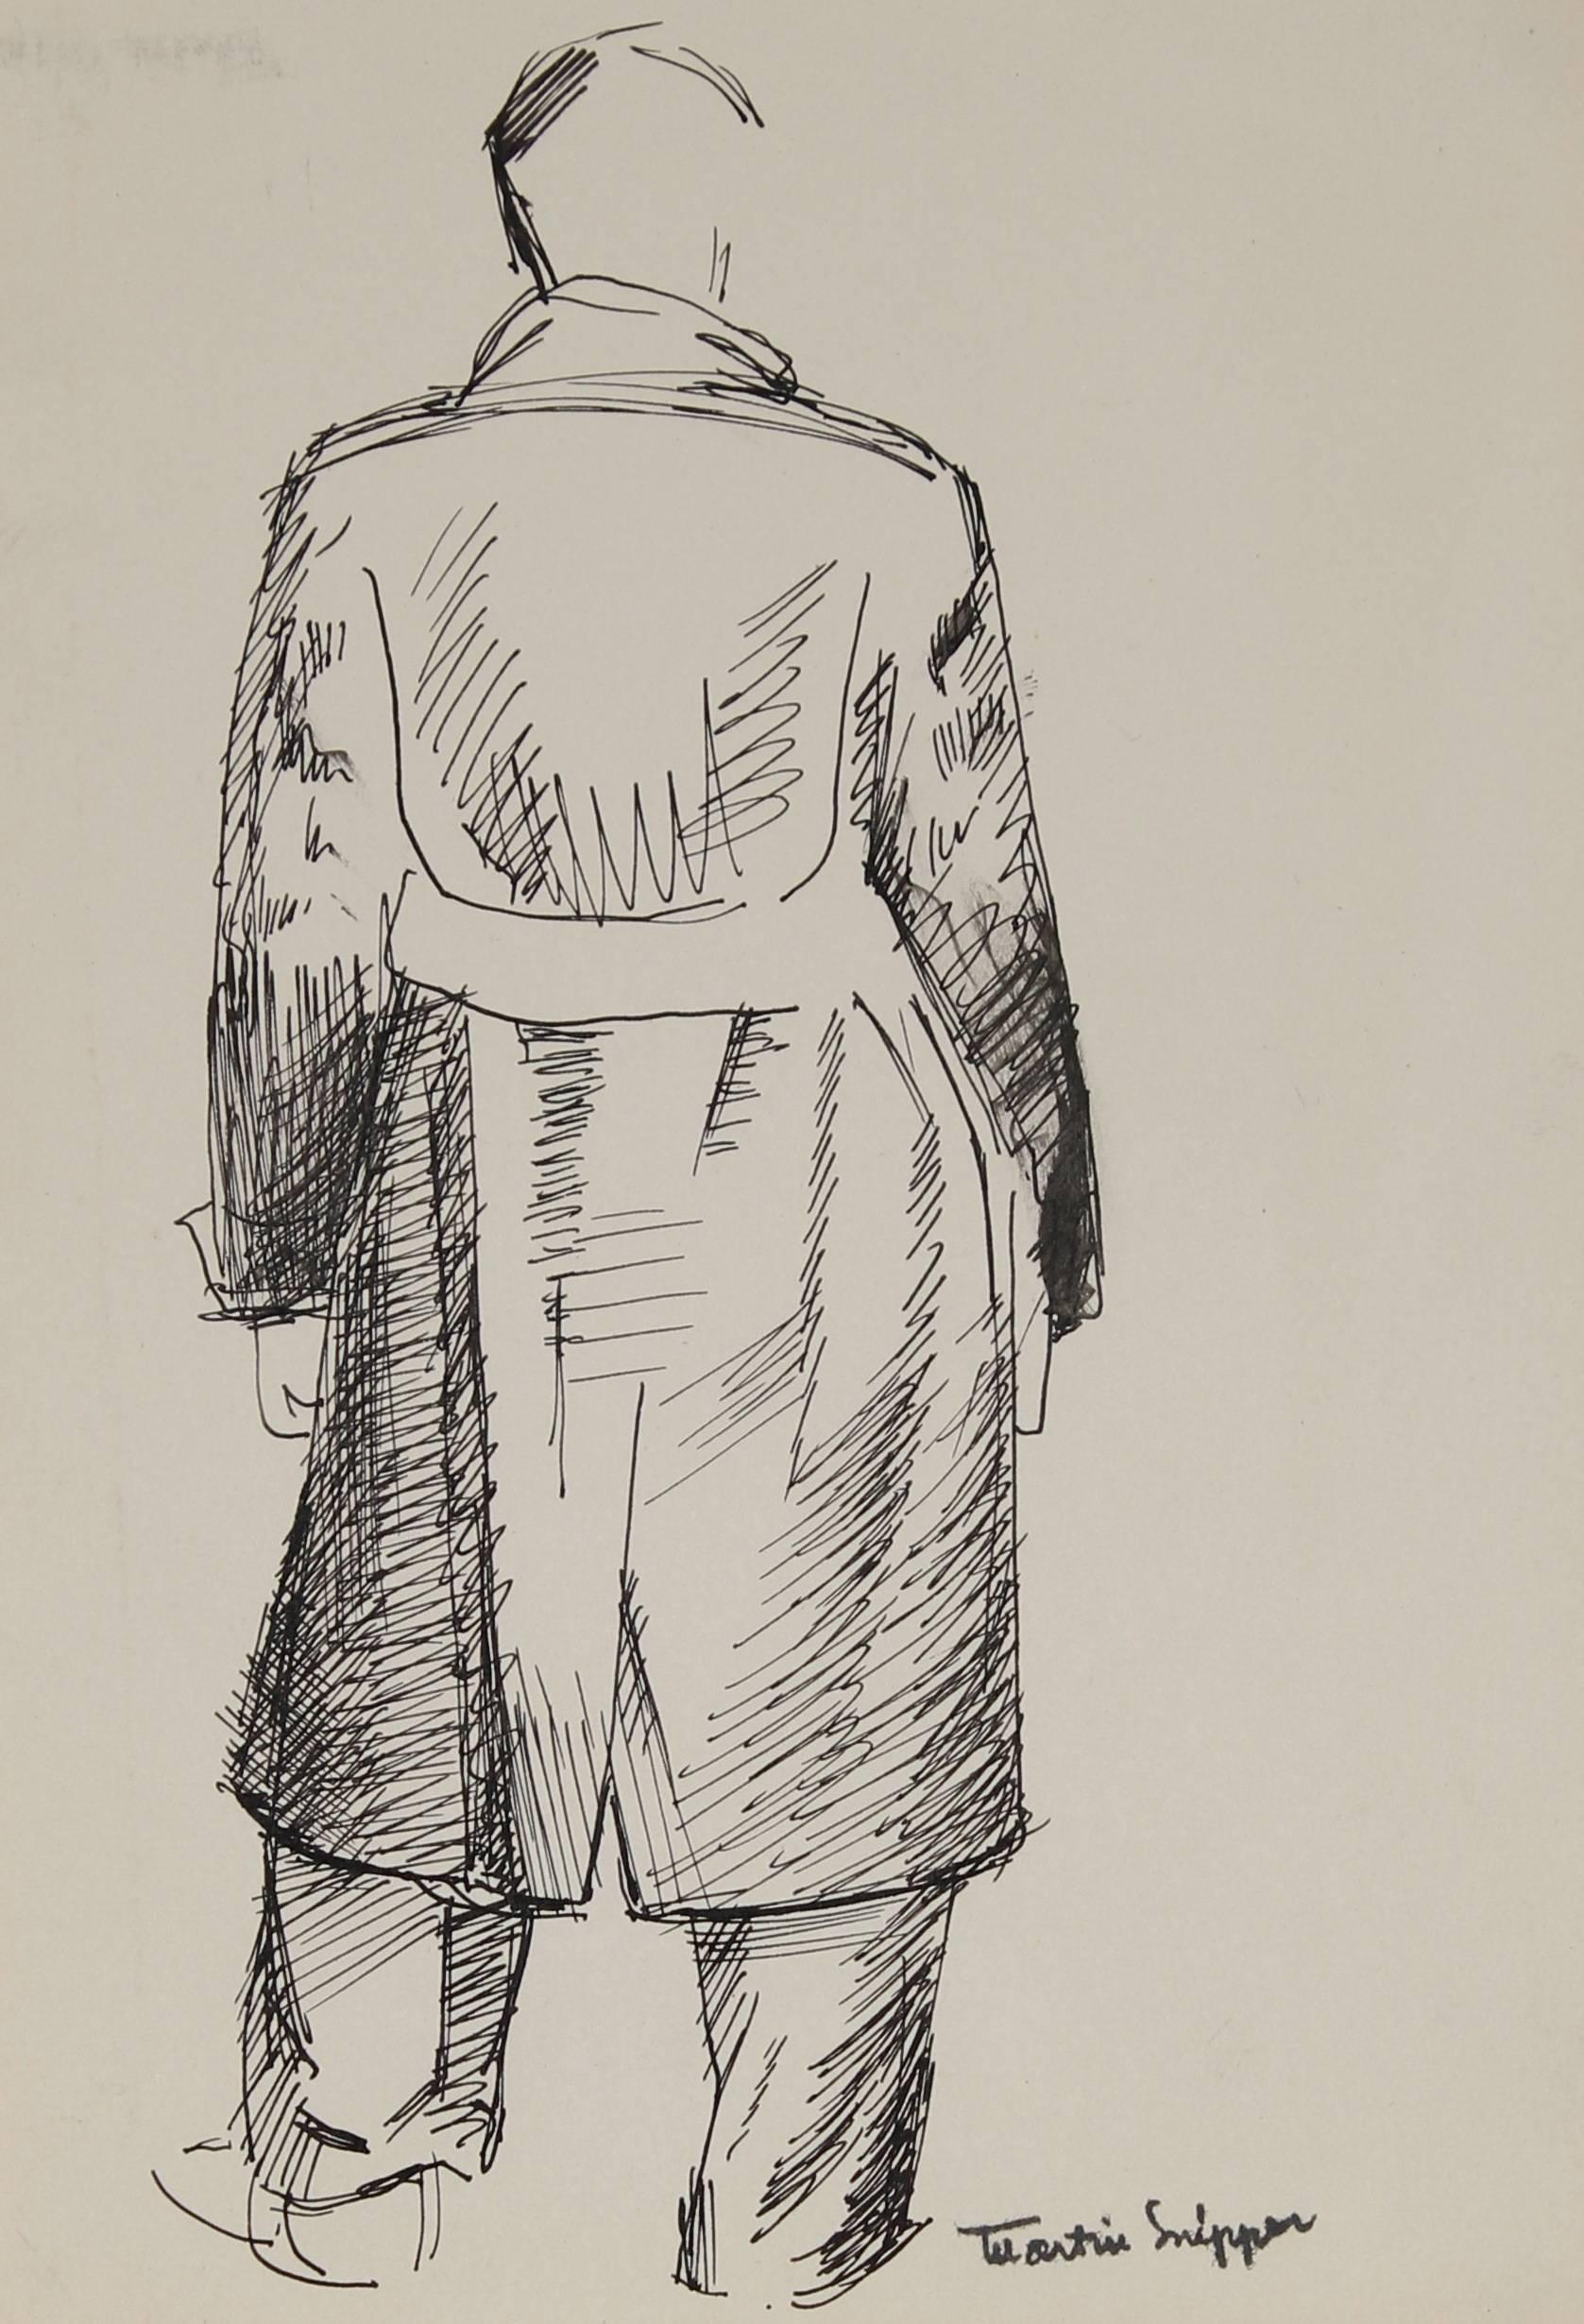 Man in Trench Coat, Ink on Paper Sketch, 20th Century - Art by Martin Snipper
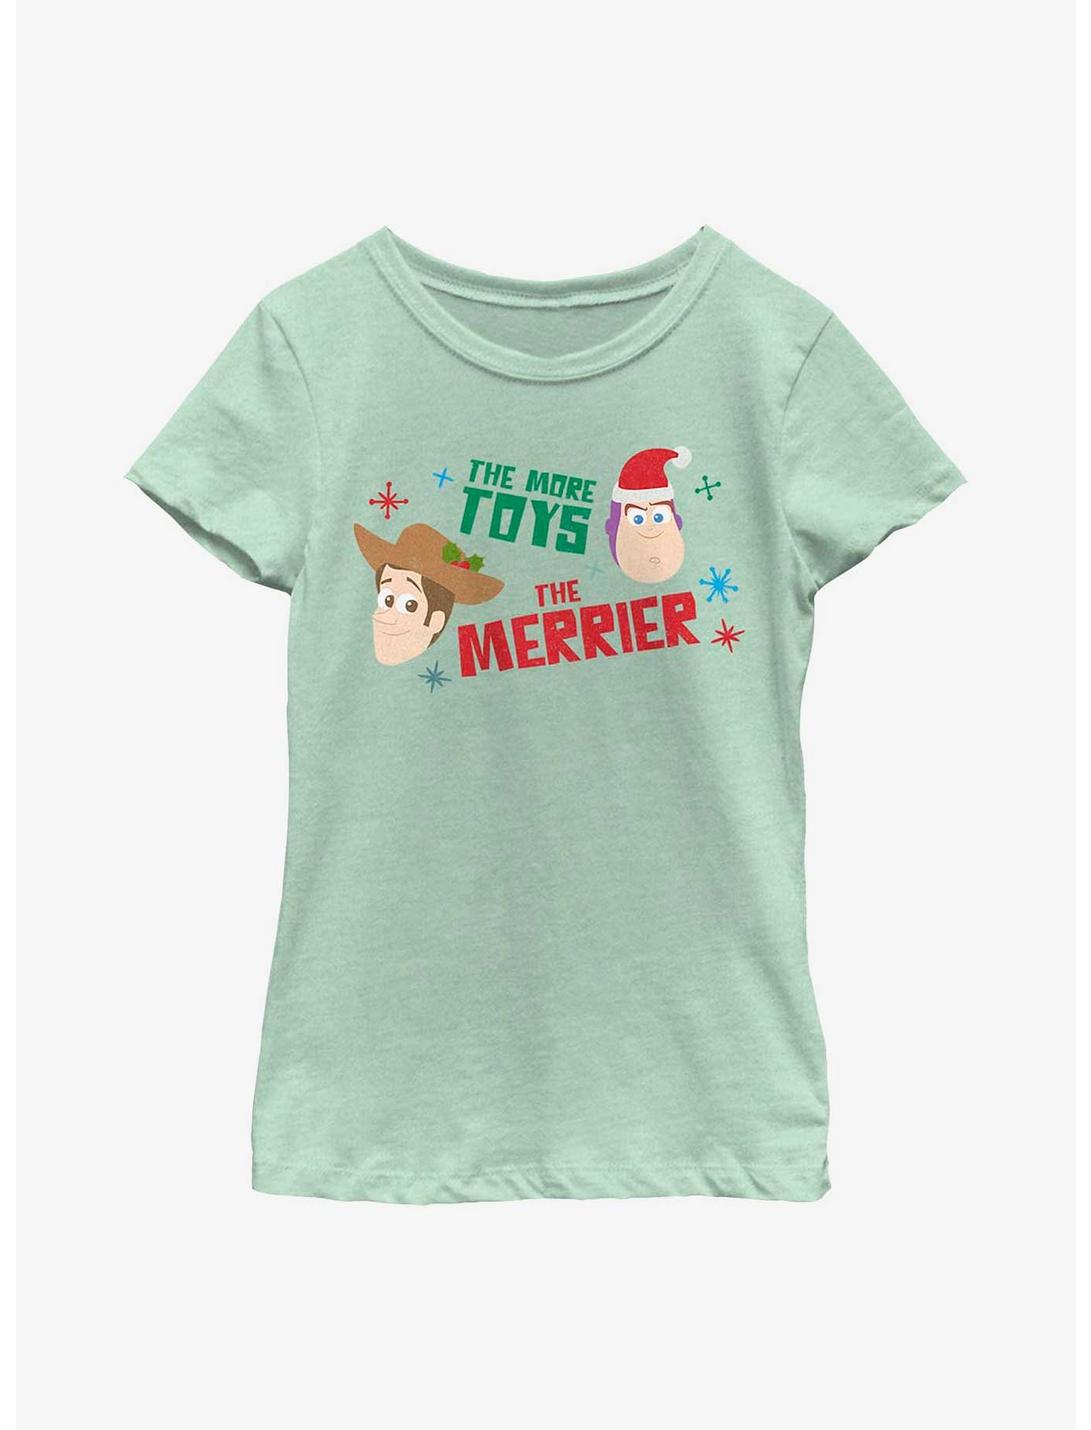 Disney Pixar Toy Story More Toys The Merrier Youth Girls T-Shirt, MINT, hi-res
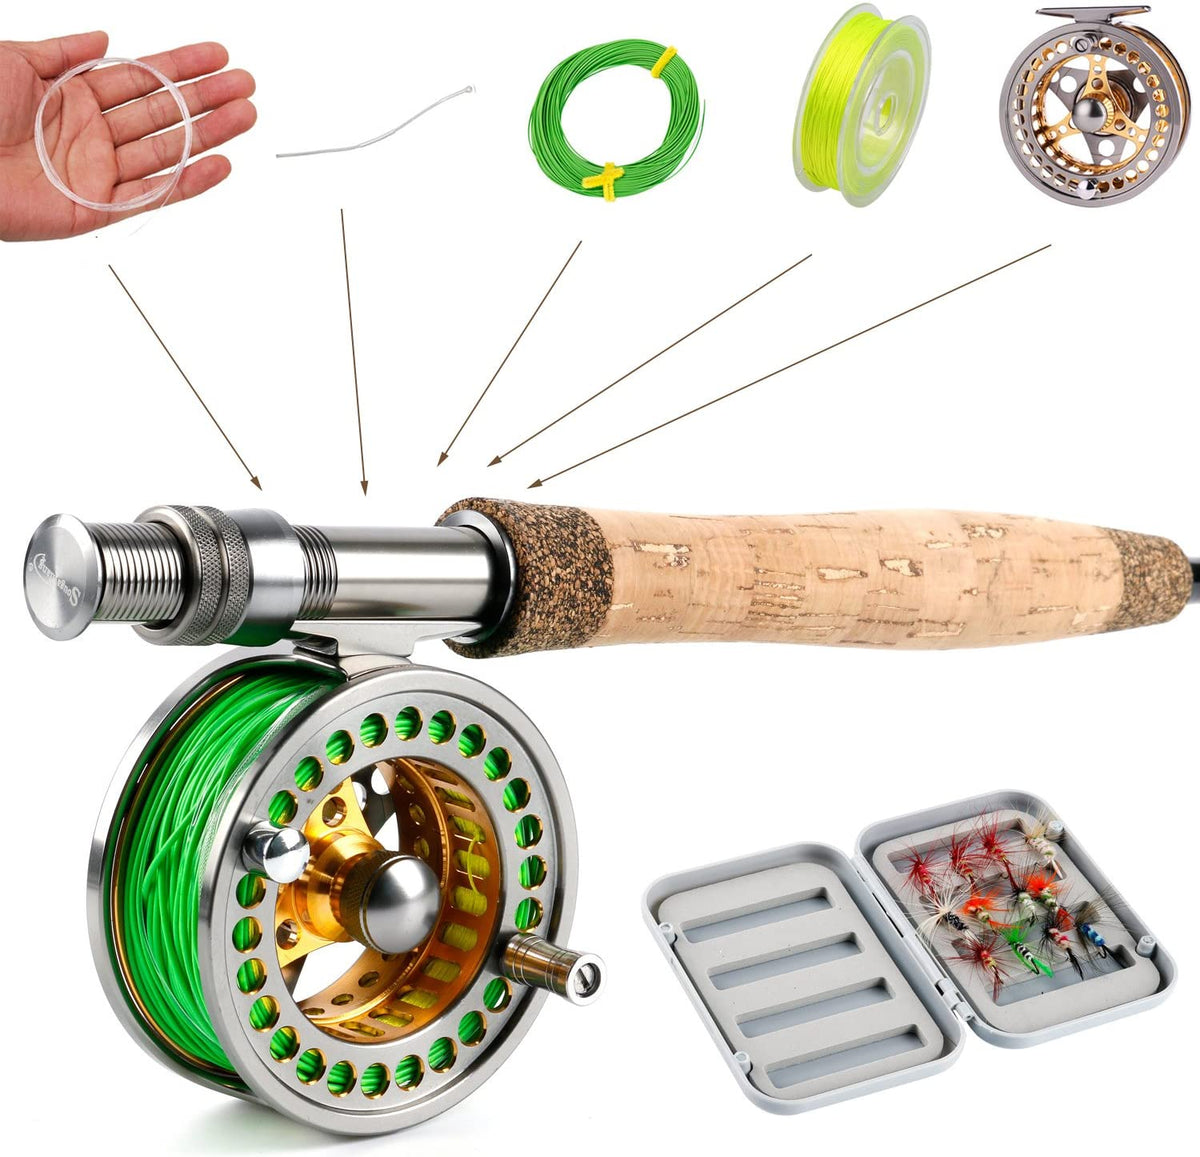 Sougayilang Fly Fishing Rod Reel Combos High Carbon Fly Rod With Black  Smooth Fly Reel Fishing Kit, Fly Fishing Complete Starter Package For  Saltwater Freshwater Fishing Set
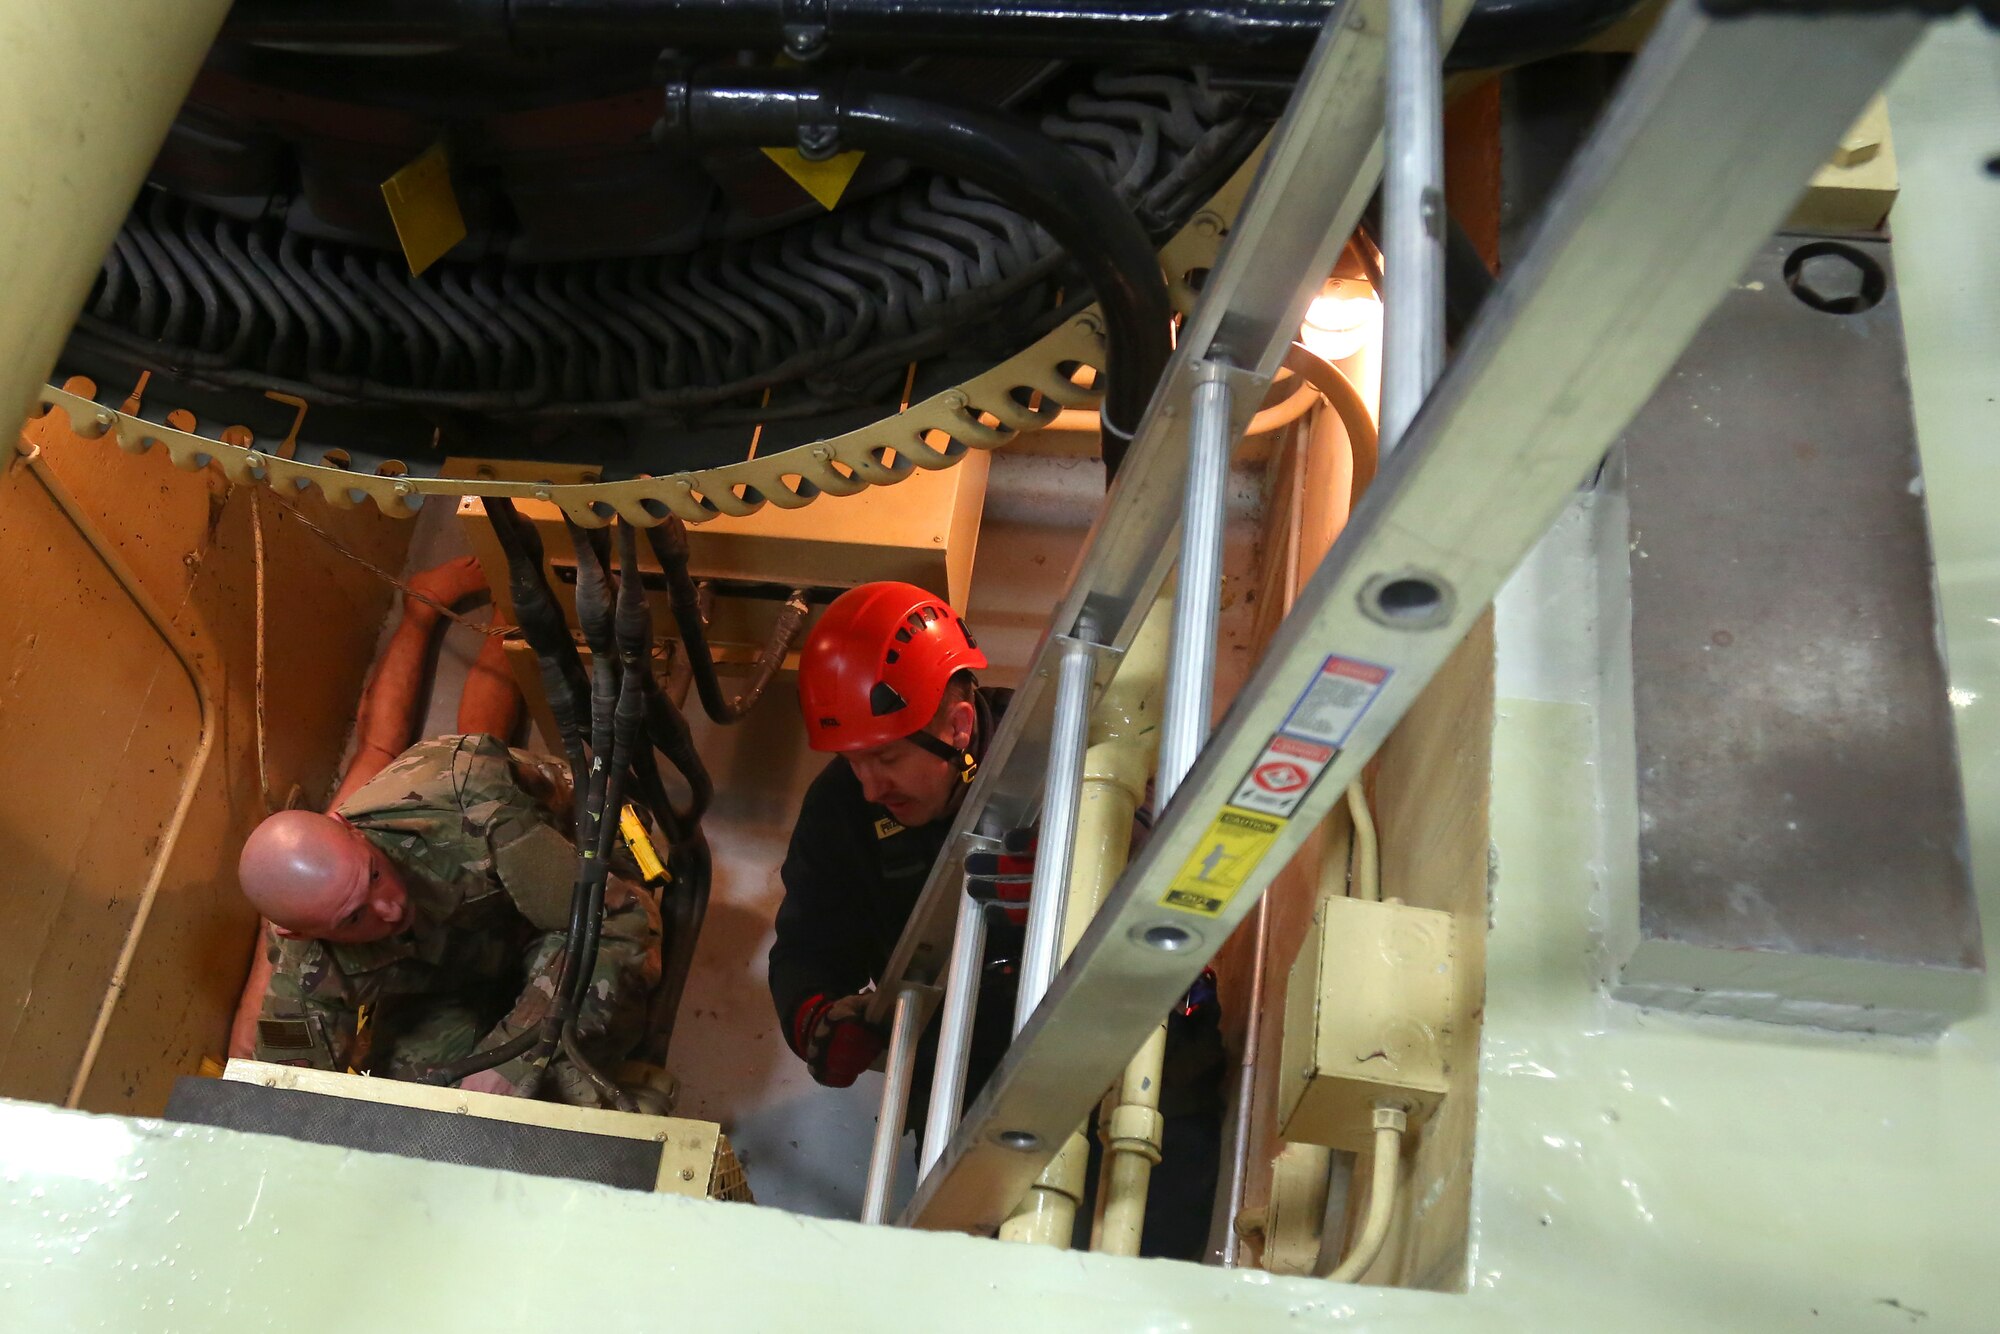 Master Sgt. Trever Bohling, Western Air Defense Sector, tends to a simulated patient in confined space rescue Nov. 11, 2018, on Joint Base Lewis-McChord, Wash. Bohling administered first aid to the simulated patient as the emergency personnel arrive on scene. (U.S. Air National Guard photo by Master Sgt. Tim Chacon)

* Task prompt
Nothing should be printed except the lines from the one with "Sougayilang Fly Fishing" through the last line of the listing above, both ends included; please drop the pictures.

* Answer section
 Sougayilang Fly Fishing Rod Reel Combos High Carbon Fly Rod With Black  Smooth Fly Reel Fishing Kit, Fly Fishing Complete Starter Package For  Saltwater Freshwater Fishing Set
 Master Sgt. Trever Bohling, Western Air Defense Sector, tends to a simulated patient in confined space rescue Nov. 11, 2018, on Joint Base Lewis-McChord, Wash. Bohling administered first aid to the simulated patient as the emergency personnel arrive on scene. (U.S. Air National Guard photo by Master Sgt. Tim Chacon)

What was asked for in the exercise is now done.